# How TerminalInput Processes Keyboard and Mouse Input in Windows Terminal

> Discover how TerminalInput processes keyboard and mouse input in Windows Terminal. Learn how it translates raw events into VT escape sequences for broad application compatibility.

- Repository: [Microsoft/terminal](https://github.com/microsoft/terminal)
- Tags: internals
- Published: 2026-02-26

---

**TerminalInput translates raw Windows input events into VT escape sequences, enabling Windows Terminal to support both legacy terminal applications and modern protocols like Kitty Keyboard and SGR mouse tracking.**

The `microsoft/terminal` repository contains the core logic that powers Windows Terminal's input handling. At the heart of this system lies `TerminalInput`, a class responsible for converting raw Windows `INPUT_RECORD` structures and mouse messages into standardized VT (Virtual Terminal) sequences that Unix-style shells and applications expect.

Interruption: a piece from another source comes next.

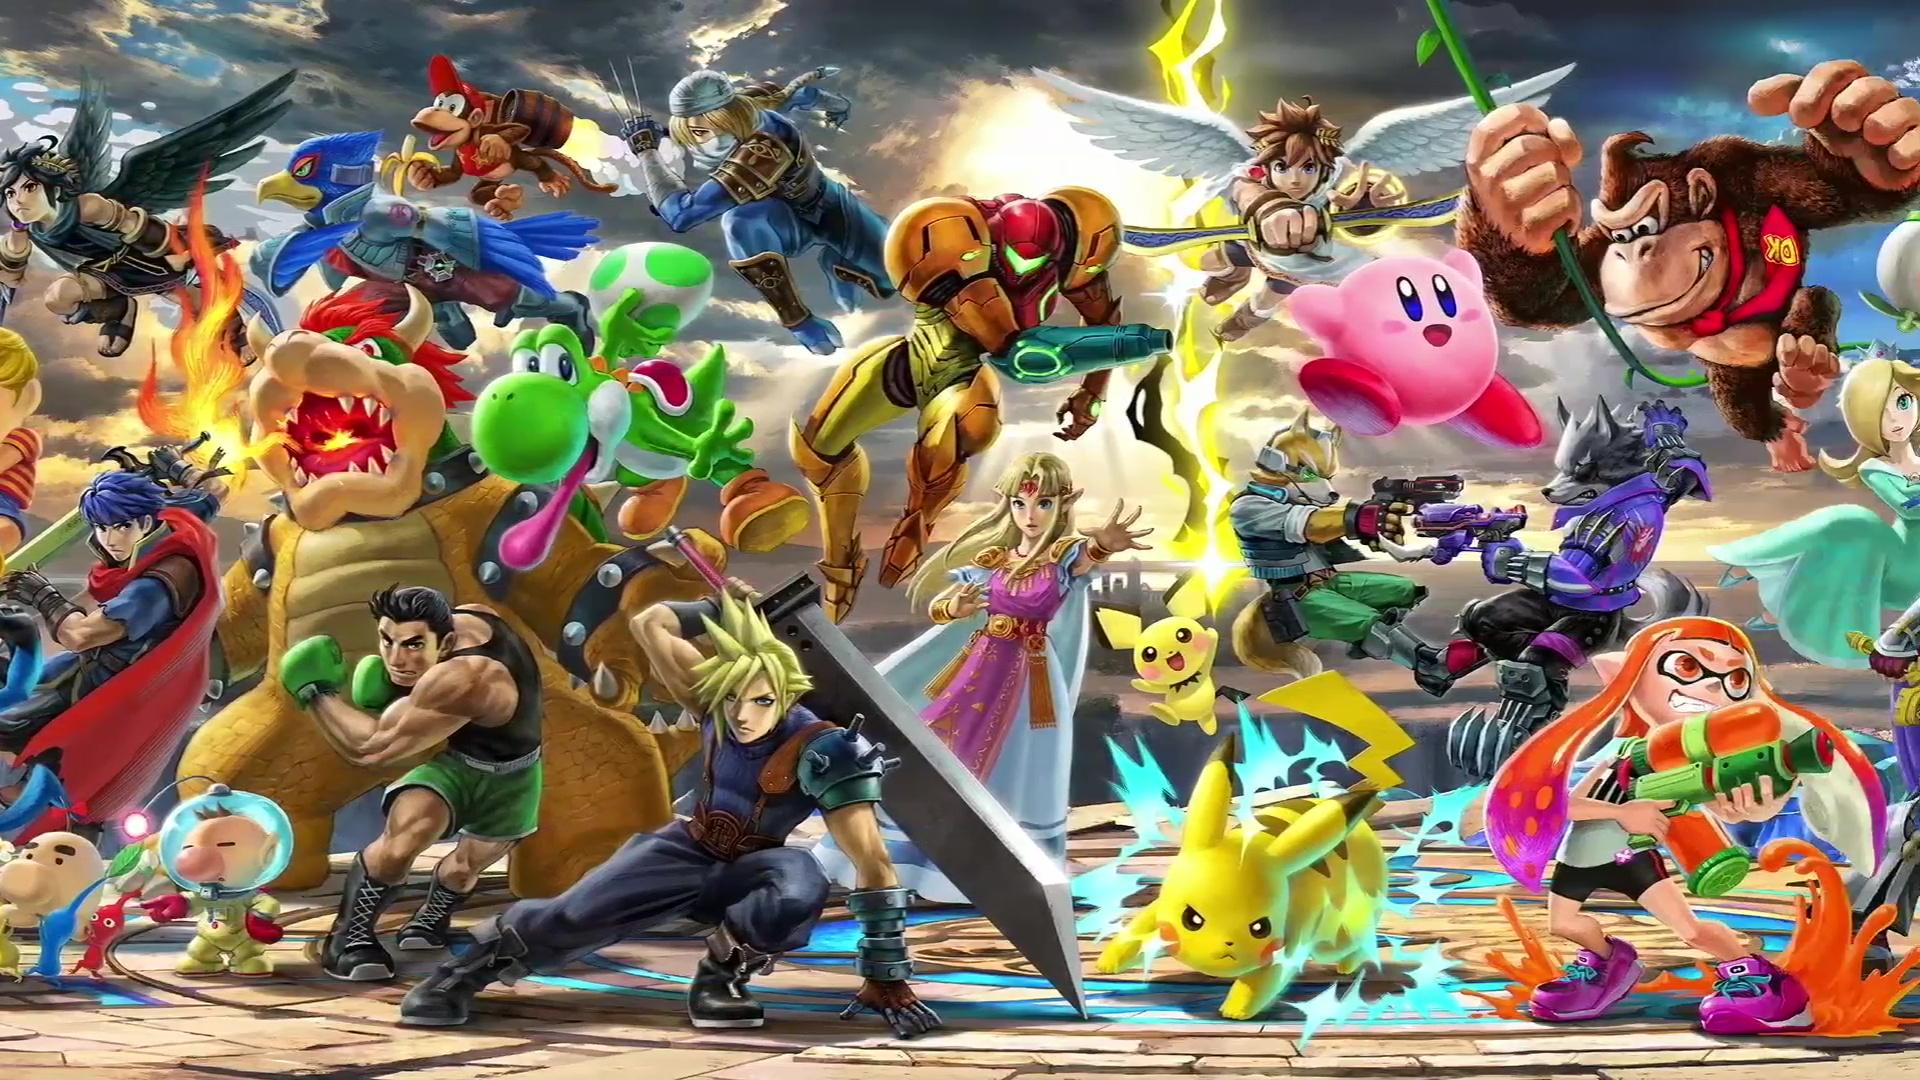 Super Smash Bros Wallpaper Phone Posted By John Cunningham

## Architecture of TerminalInput

### Core Components

The input processing pipeline is organized into several specialized components within the `src/terminal/input` directory:

- **`TerminalInput`** – Orchestrates input processing, stores mode state, and dispatches to the appropriate encoder. Defined in [[`terminalInput.hpp`](https://github.com/microsoft/terminal/blob/main/terminalInput.hpp)](https://github.com/microsoft/terminal/blob/main/src/terminal/input/terminalInput.hpp) and implemented in [[`terminalInput.cpp`](https://github.com/microsoft/terminal/blob/main/terminalInput.cpp)](https://github.com/microsoft/terminal/blob/main/src/terminal/input/terminalInput.cpp).

- **Keyboard helpers** – `KeyboardHelper` and `EncodingHelper` structs inside [`terminalInput.cpp`](https://github.com/microsoft/terminal/blob/main/terminalInput.cpp) normalize virtual-key codes, handle the Kitty Keyboard Protocol, and build the final VT string.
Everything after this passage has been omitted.